Martinez Molina, D. and Nordlund, P., 2016. The cellular thermal shift assay: a novel biophysical assay for in situ drug target engagement and mechanistic biomarker studies. Annual review of pharmacology and toxicology, 56, pp.141-161.
Schirle, M. and Jenkins, J.L., 2016. Identifying compound efficacy targets in phenotypic drug discovery. Drug discovery today, 21(1), pp.82-89.
Cox, J. and Mann, M., 2008. MaxQuant enables high peptide identification rates, individualized ppb-range mass accuracies and proteome-wide protein quantification. Nature biotechnology, 26(12), pp.1367-1372.
Bantscheff, M., Lemeer, S., Savitski, M.M. and Kuster, B., 2012. Quantitative mass spectrometry in proteomics: critical review update from 2007 to the present. Analytical and bioanalytical chemistry, pp.1-27.

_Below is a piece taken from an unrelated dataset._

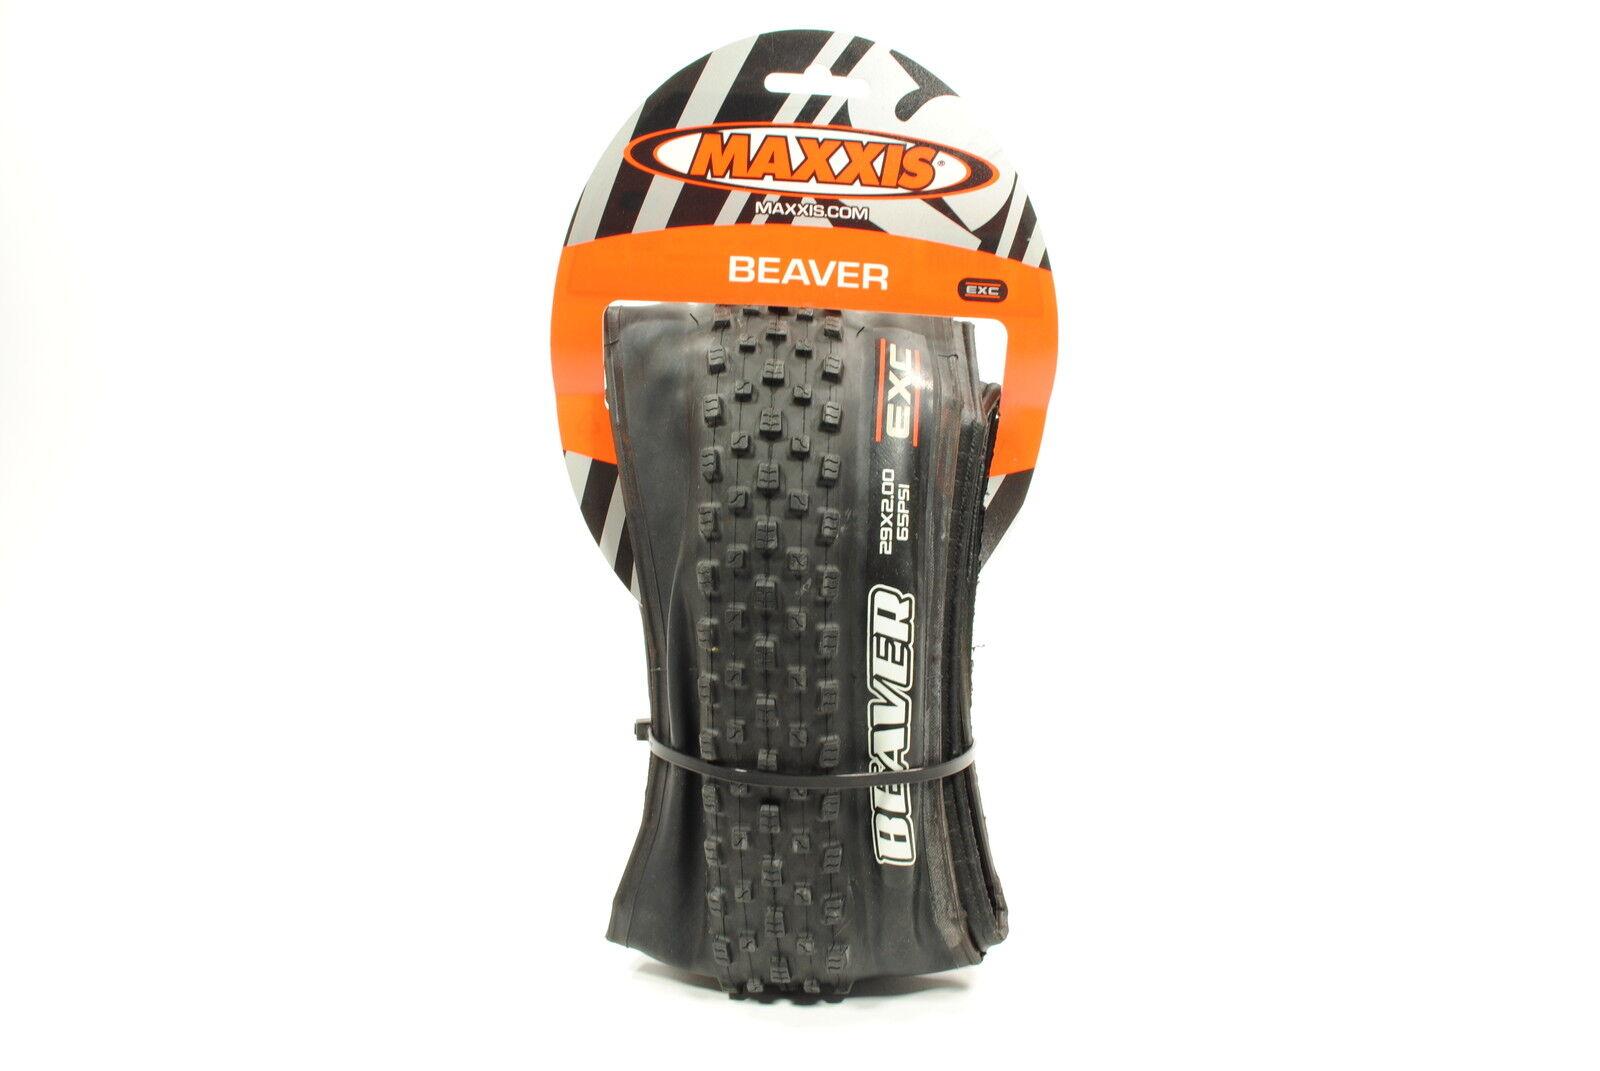 Maxxis Beaver 29er Folding Mountain Bike  Tire 29x2.0  cheap store

Tebbe, A., Klammer, M., Sighart, S., Schaab, C. and Daub, H., 2015. Systematic evaluation of label‐free and super‐SILAC quantification for proteome expression analysis. Rapid Communications in Mass Spectrometry, 29(9), pp.795-801.
Välikangas, T., Suomi, T. and Elo, L.L., 2016. A systematic evaluation of normalization methods in quantitative label-free proteomics. Briefings in bioinformatics, p.bbw095.